Task
Within the lines below, the span from the line with "Live Nation Acquiring" to the line with "Jake and the", both ends included, is to be reproduced exactly, with pictures omitted.

Data for analysis
·····
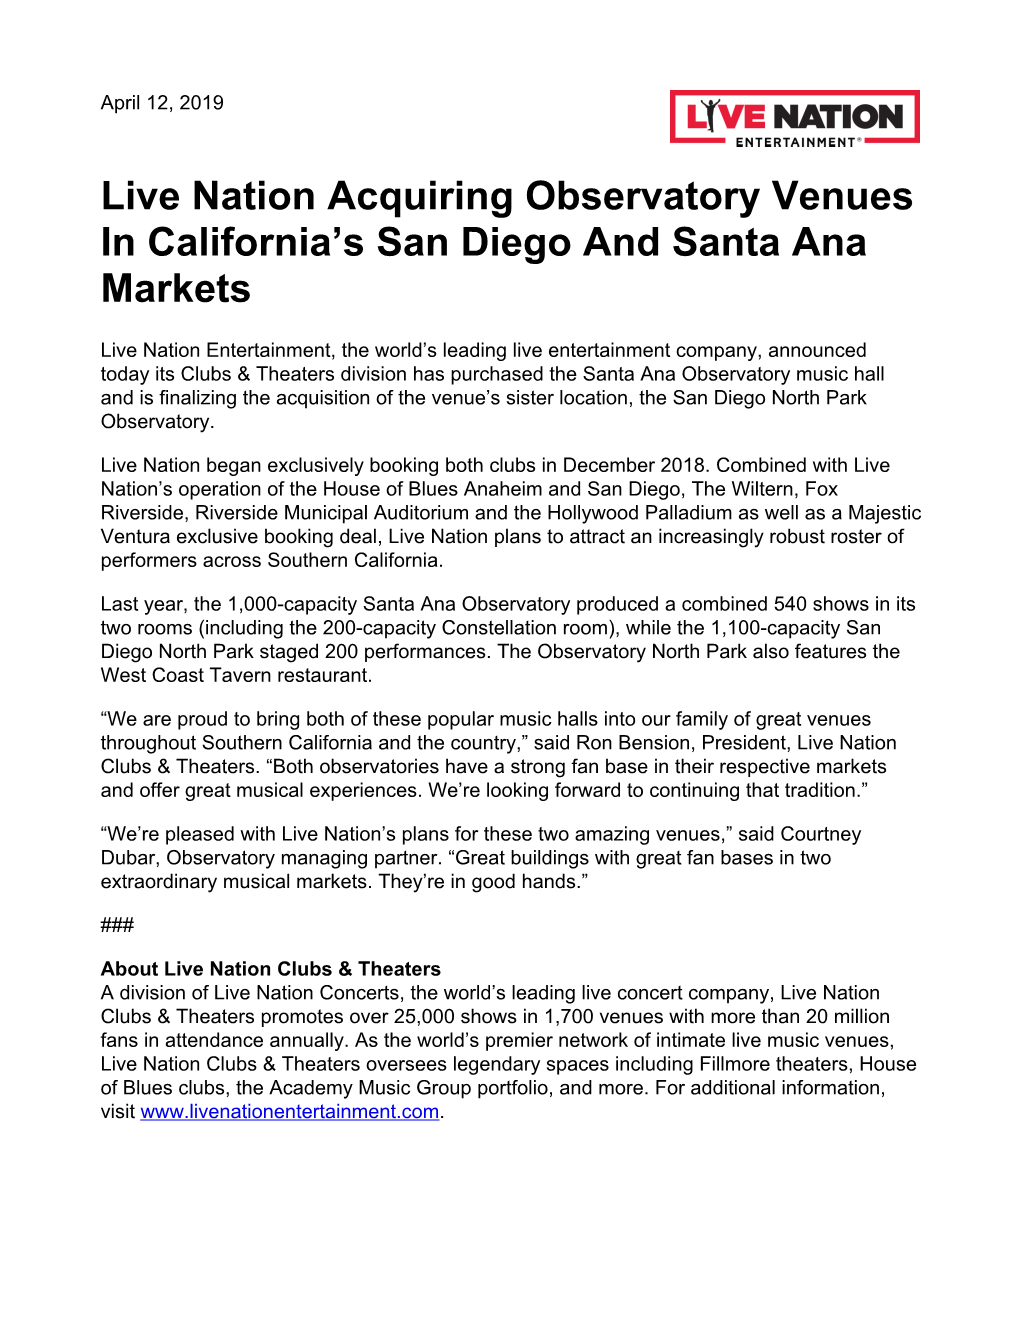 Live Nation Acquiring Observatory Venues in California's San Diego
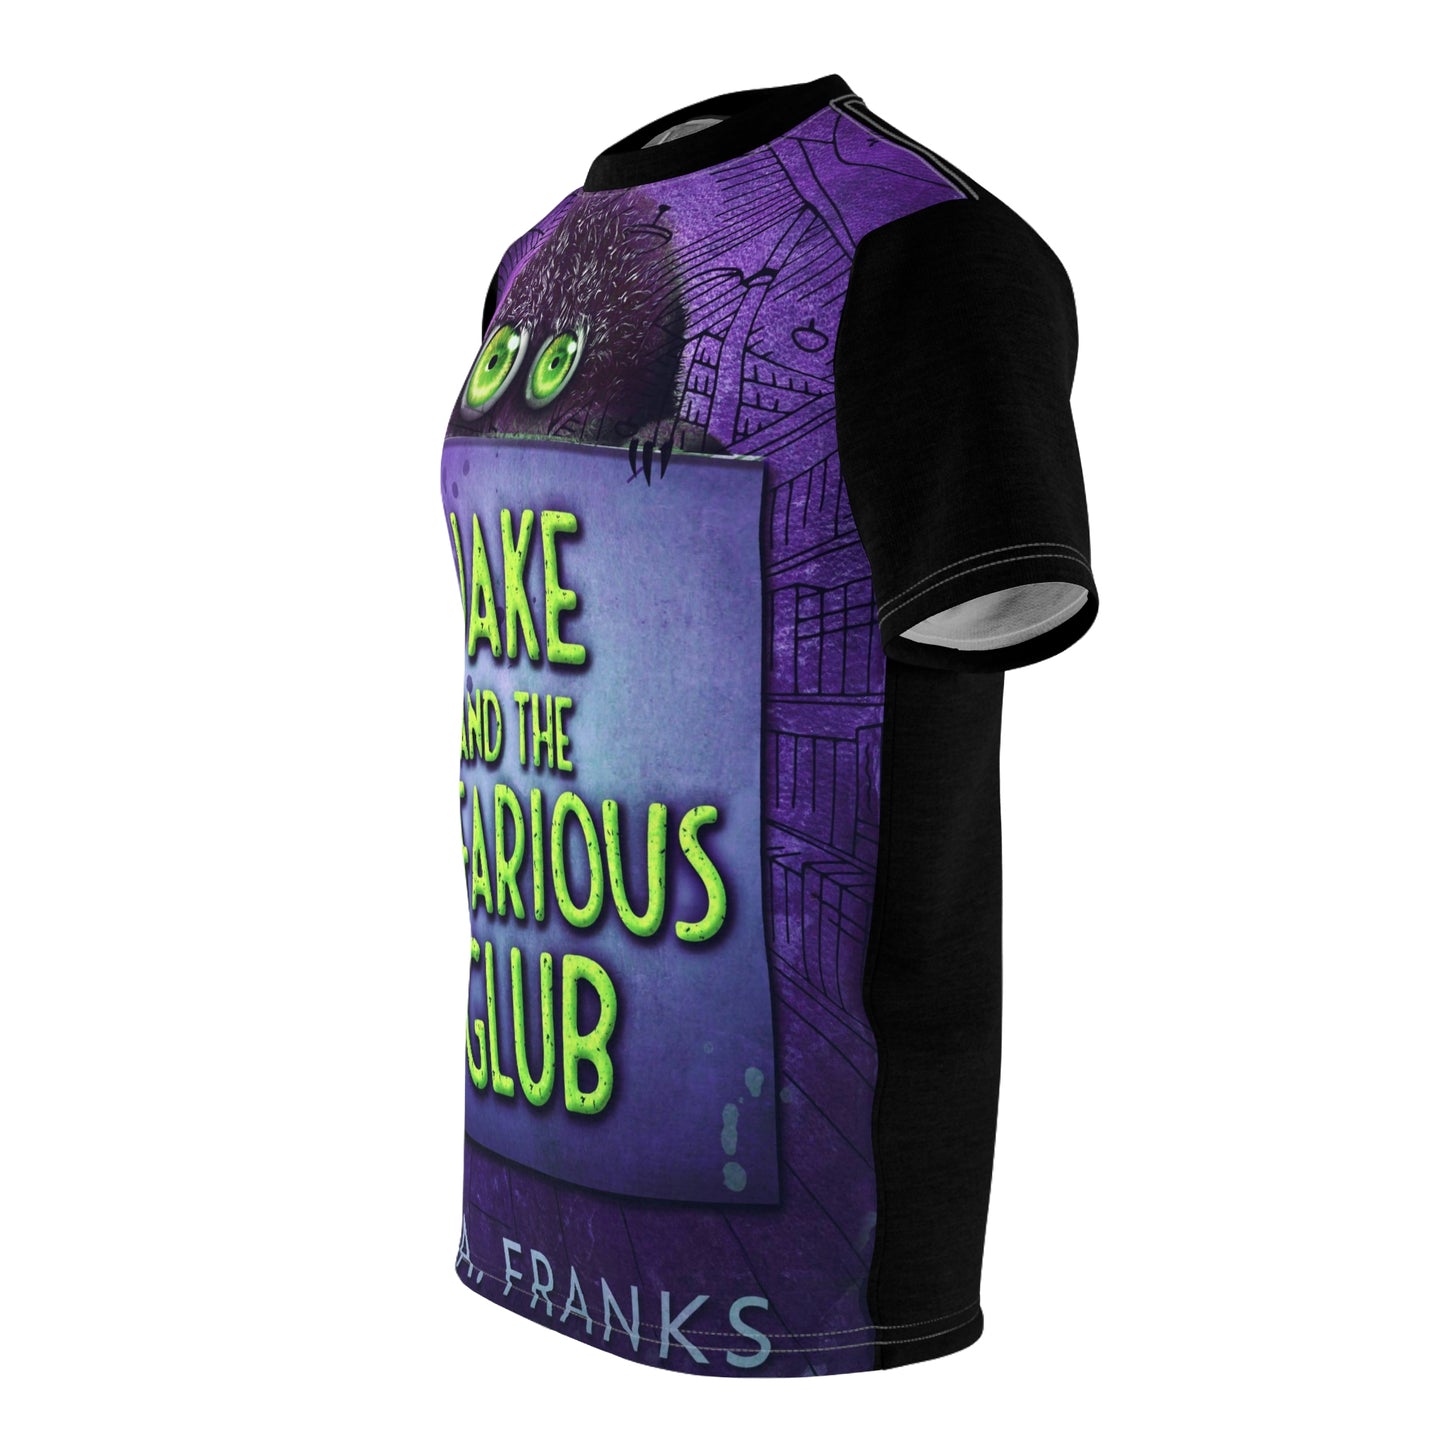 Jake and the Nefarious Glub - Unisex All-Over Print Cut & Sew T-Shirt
·····
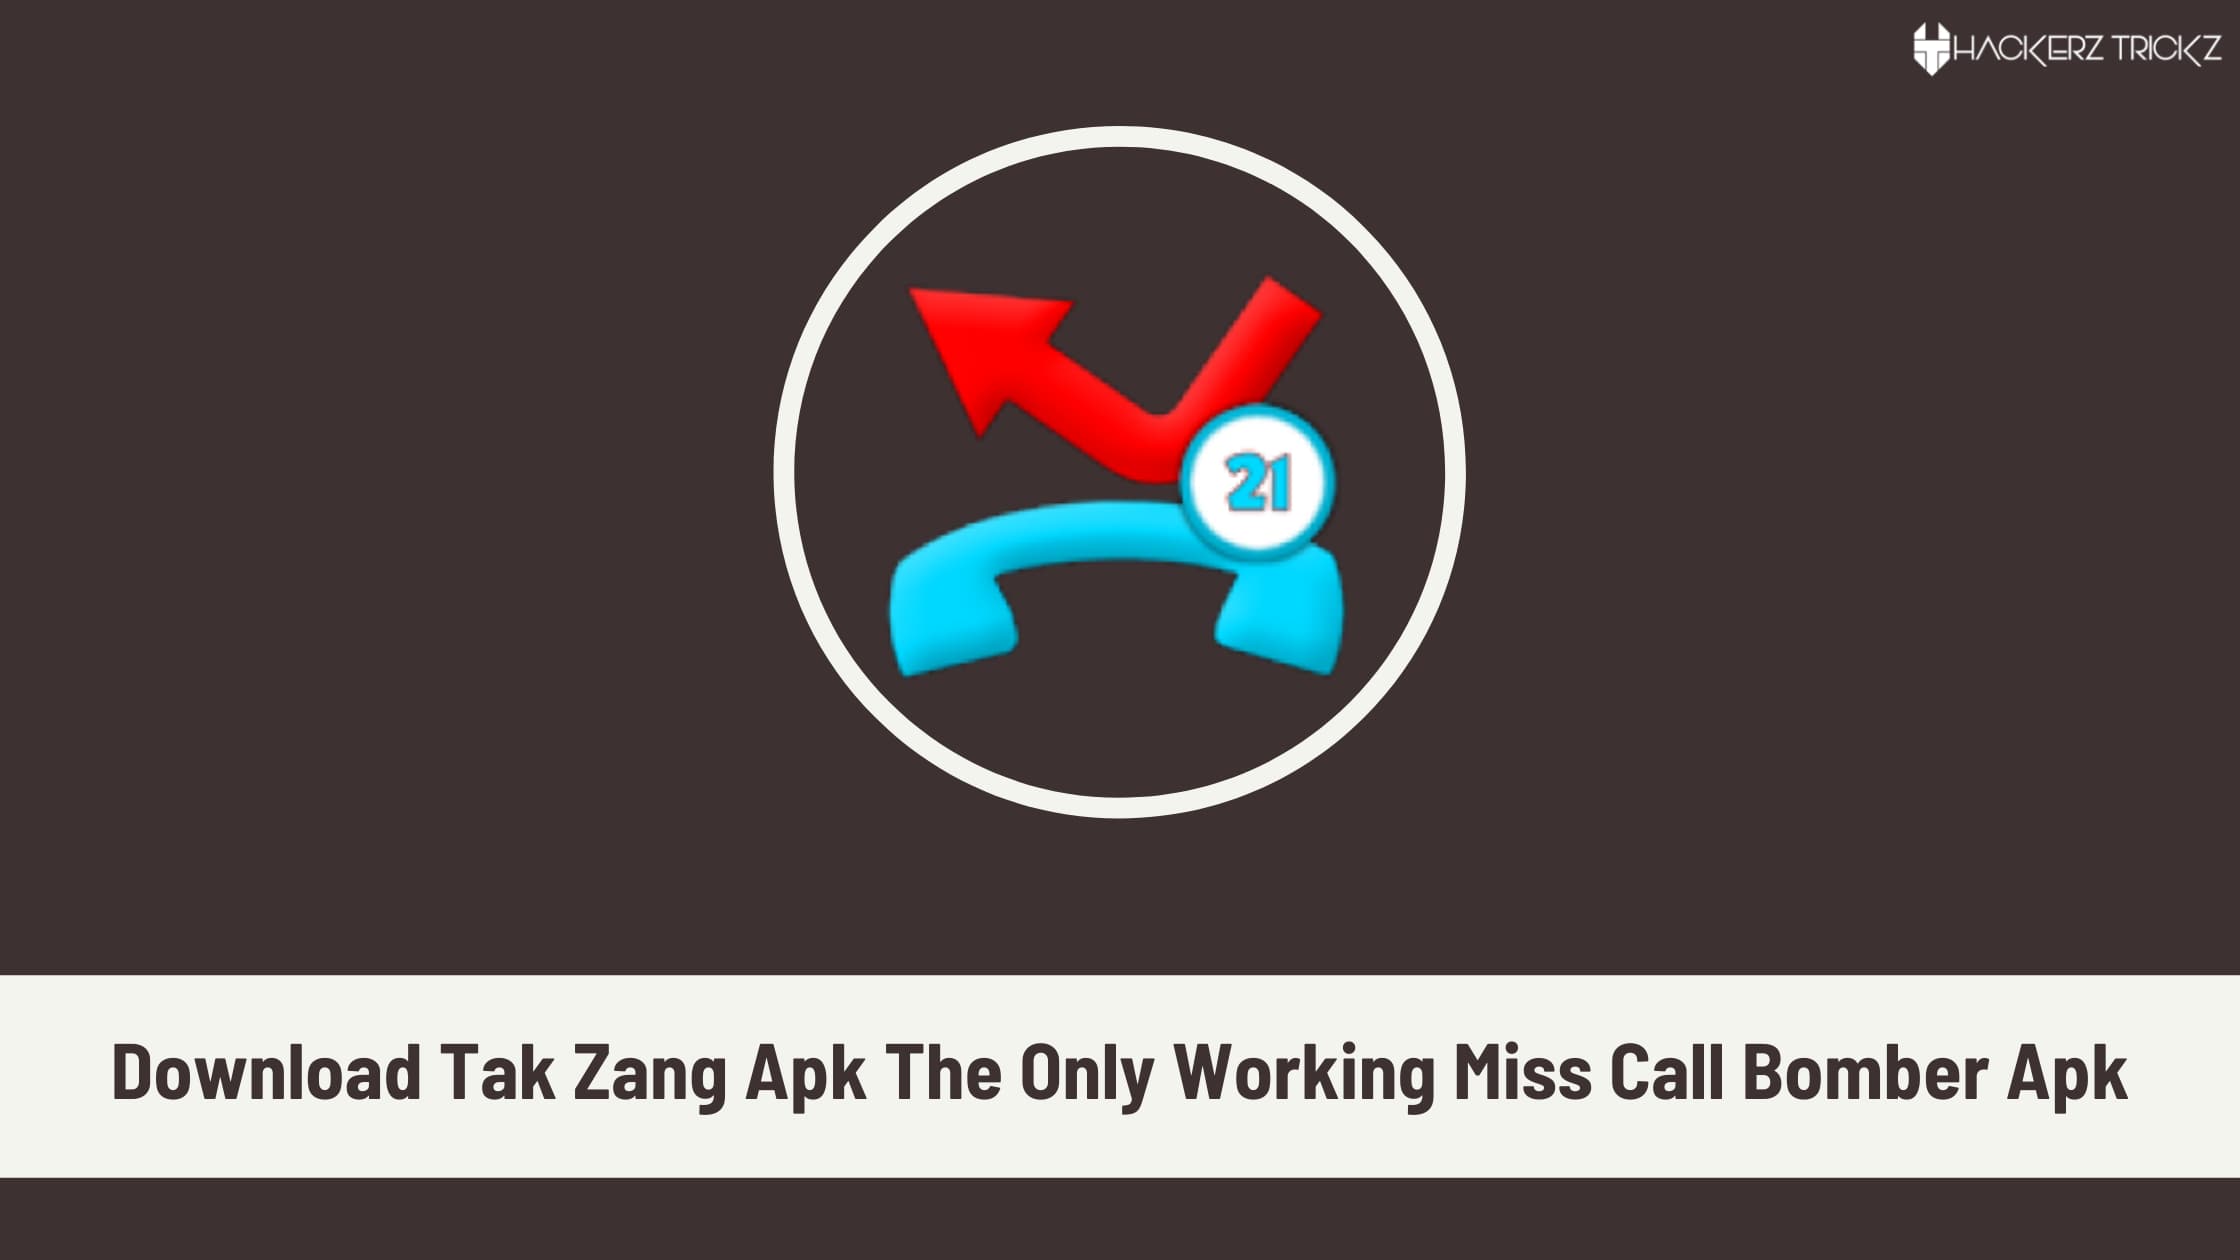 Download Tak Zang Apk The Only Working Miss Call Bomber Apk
·····
Result
 Live Nation Acquiring Observatory Venues in California's San Diego
 Jake and the Nefarious Glub - Unisex All-Over Print Cut & Sew T-Shirt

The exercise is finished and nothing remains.